Évoquer la question du viol au XVIIIe siècle, à travers une trentaine d’affaires à caractère sexuel (viols, séductions suivies de grossesses, harcèlement, sodomie), relève d’un pari osé. Pour y parvenir et se familiariser avec le déroulement des procédures criminelles, le présent ouvrage commence par redessiner les contours d’un système judiciaire complexe. Les procès étudiés croisent et interrogent ensuite des aspects plus ou moins tabous de la vie quotidienne à la fin de l’époque moderne : sexualité, violence, condition féminine, relations sociales, lien familial, règlement des conflits ou même la notion de genre. L’attention se porte enfin sur le destin des victimes et des accusés à la sortie du tribunal, entreprise jamais réalisée dans le cadre d’une recherche consacrée au viol. Le choix d’un angle monographique, qui vise un territoire allant de Sens à Auxerre, au cœur de l’actuel département de l’Yonne, contribue à une lecture moins désincarnée des affaires sexuelles à l’échelle du royaume au cours des dernières heures de l’Ancien Régime. Les sources variées a priori arides – archives criminelles et notariales anciennes, arrêts du parlement de Paris, registres paroissiaux et état civil – portent en filigrane un thème sensible qui véhicule de nombreuses idées reçues. Cette enquête, inédite et puissante, fait parler l'Histoire et dépoussière les préjugés qui pèsent sur les violences sexuelles au siècle des Lumières.

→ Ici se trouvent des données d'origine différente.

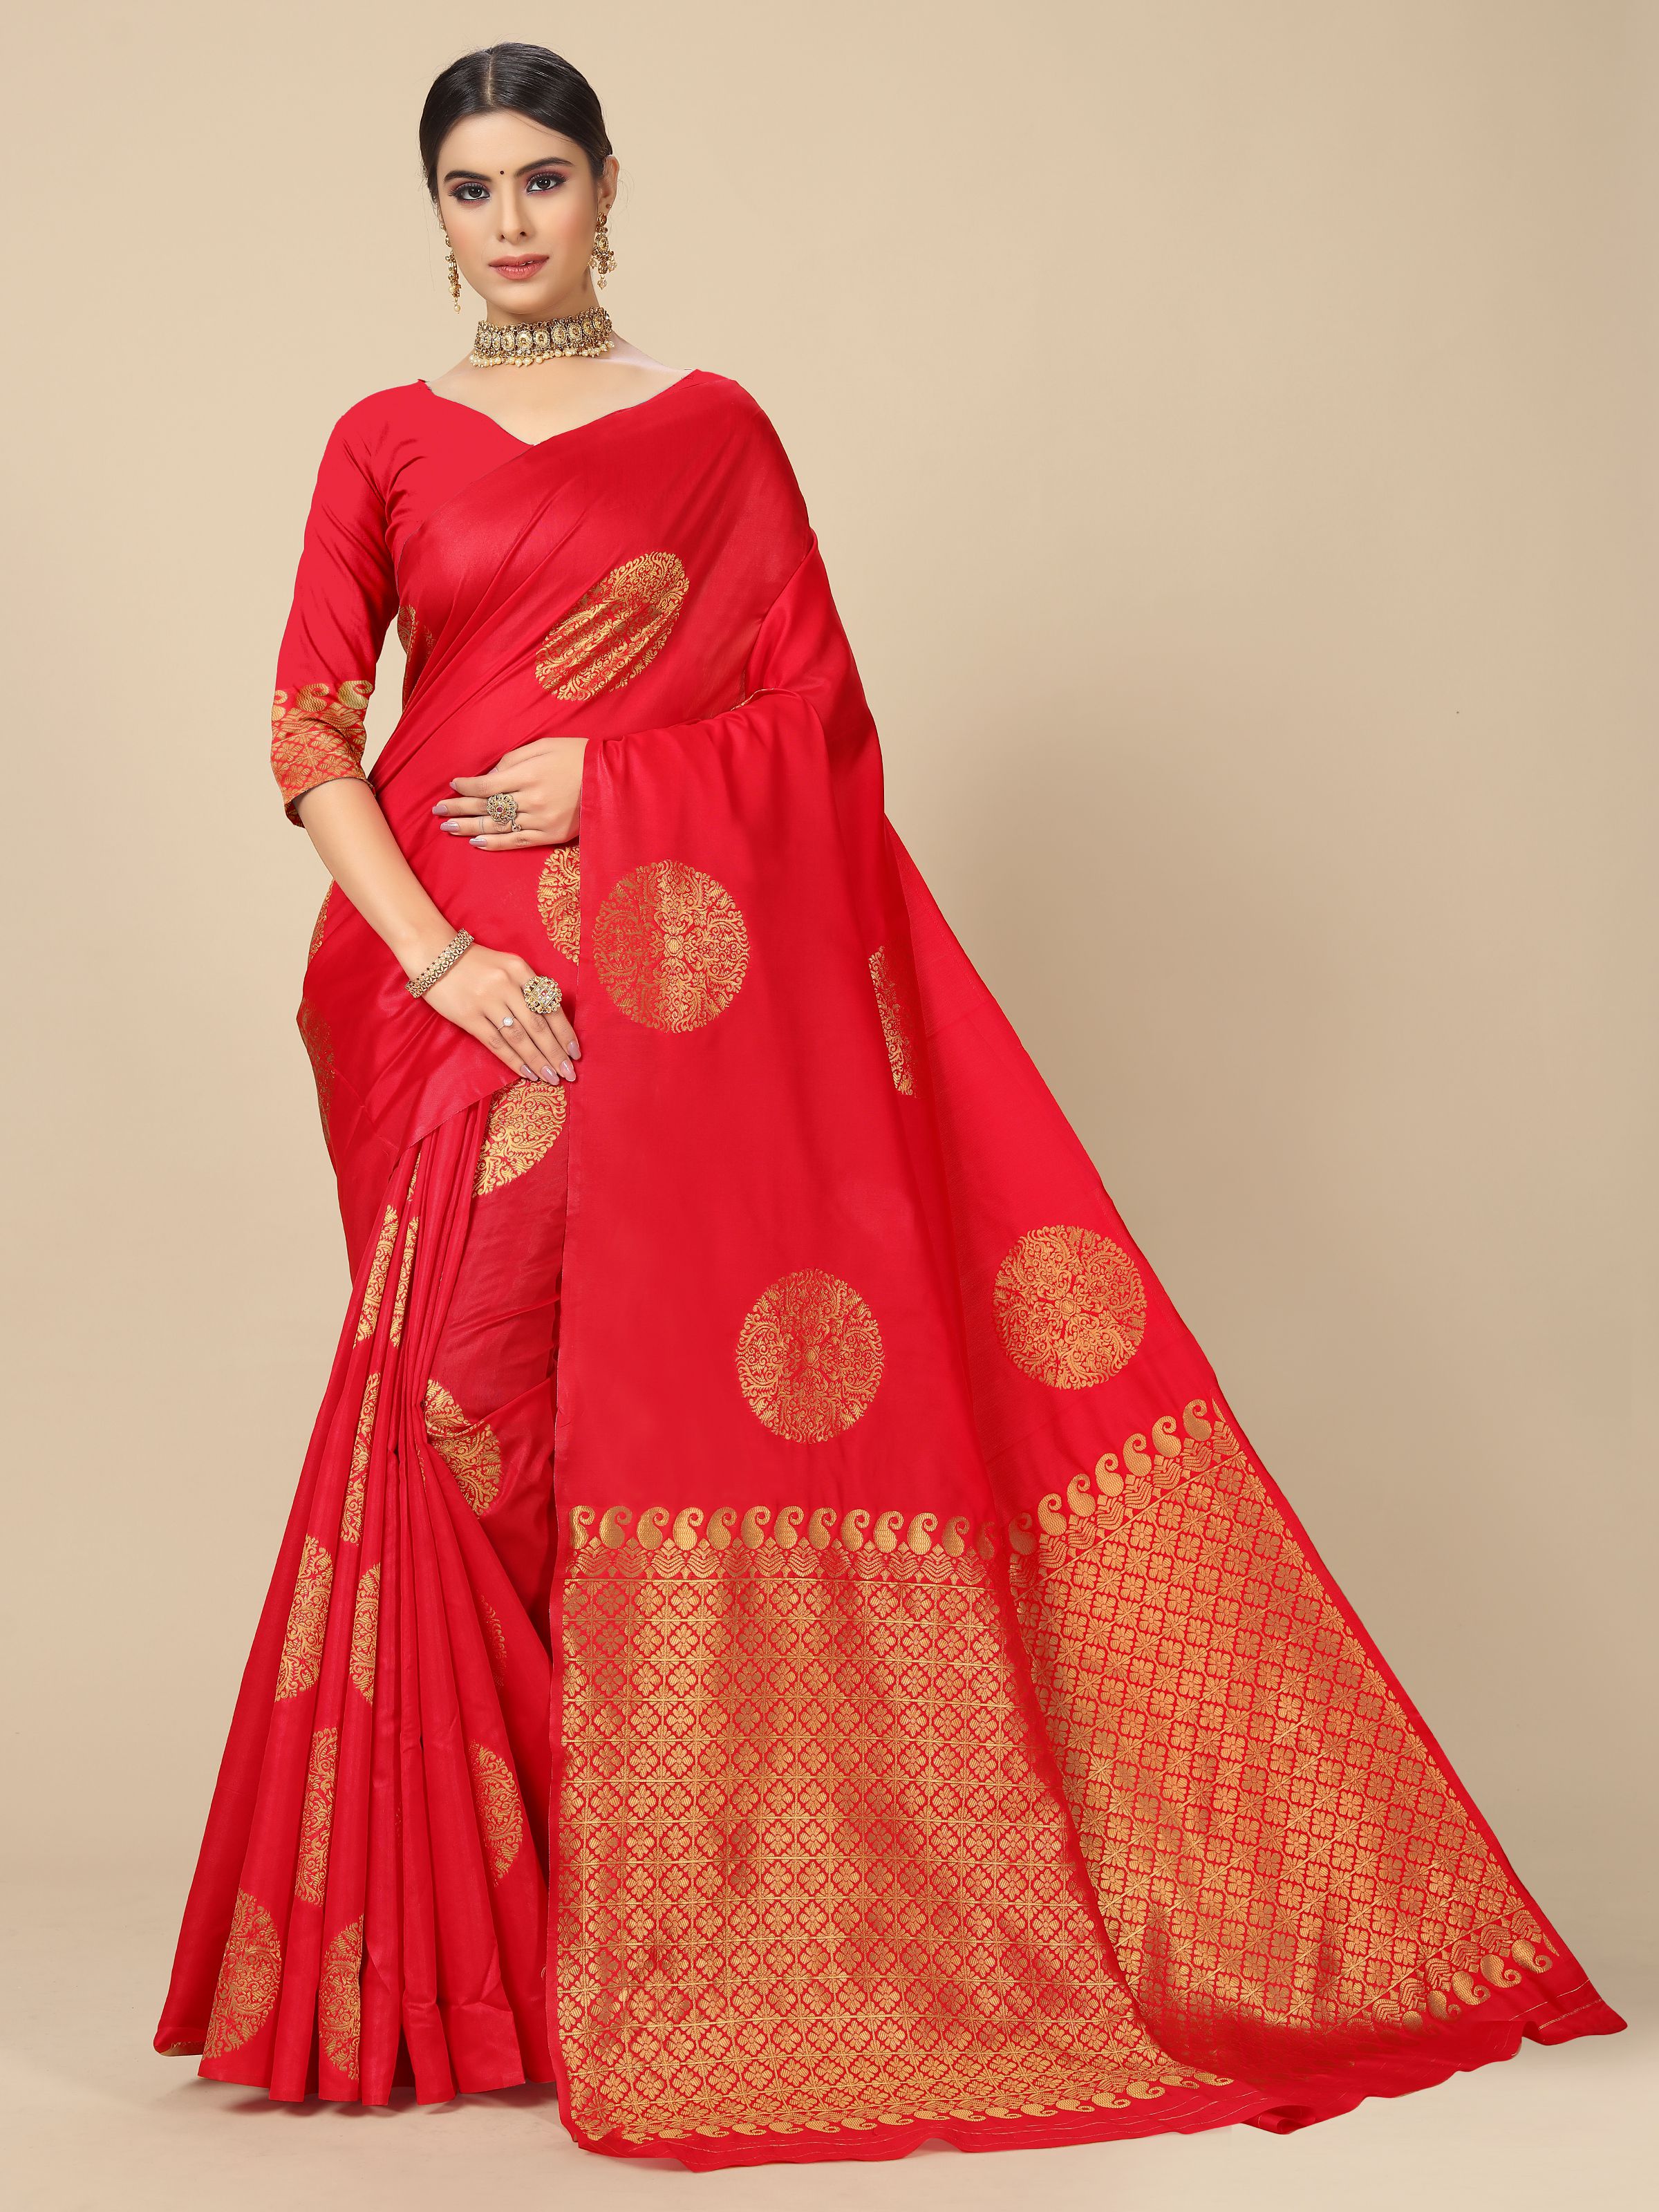 Rangita Women Banarasi Silk Jacquard Saree With Blouse Piece - Red

Crimes et violences sexuels au siècle des Lumières
Nous avons tendance à imaginer la société d’avant les années 1960 comme gangrenée par la patriarcat et dans laquelle les femmes n’auraient eu ni la parole, ni le droit à la justice… Qu’en était-il alors de la fin de l’Ancien Régime ? Contrairement aux idées reçues, les crimes sexuels et en particulier le viol n’étaient pas impunis et constituaient une faute morale et sociale grave. Comment étaient-ils alors jugés ? Punis ? Que devenaient les criminels et les victimes ? Quelles étaient leur répercussion sociale ? Si les traces qui nous en restent sont principalement judiciaires, l’étude du crime sexuel nous apprend beaucoup sur la société d’Ancien Régime sur sa structure, ses mentalités et sur son quotidien. Enora Peronneau Saint-Jalmes est invitée par Mari-Gwenn Carichon.
Notre invitée: Enora Peronneau Saint-Jalmes, archiviste paléographe (prom. 2020 de l’Ecole des Chartes), est lauréate de la première édition de la bourse Victor Baubet, lancée en 2020 par l’École et les Éditions Perrin. Elle publie dans ce cadre un ouvrage intitulé Crimes sexuels et société à la fin de l’Ancien Régime, aux Éditions Perrin.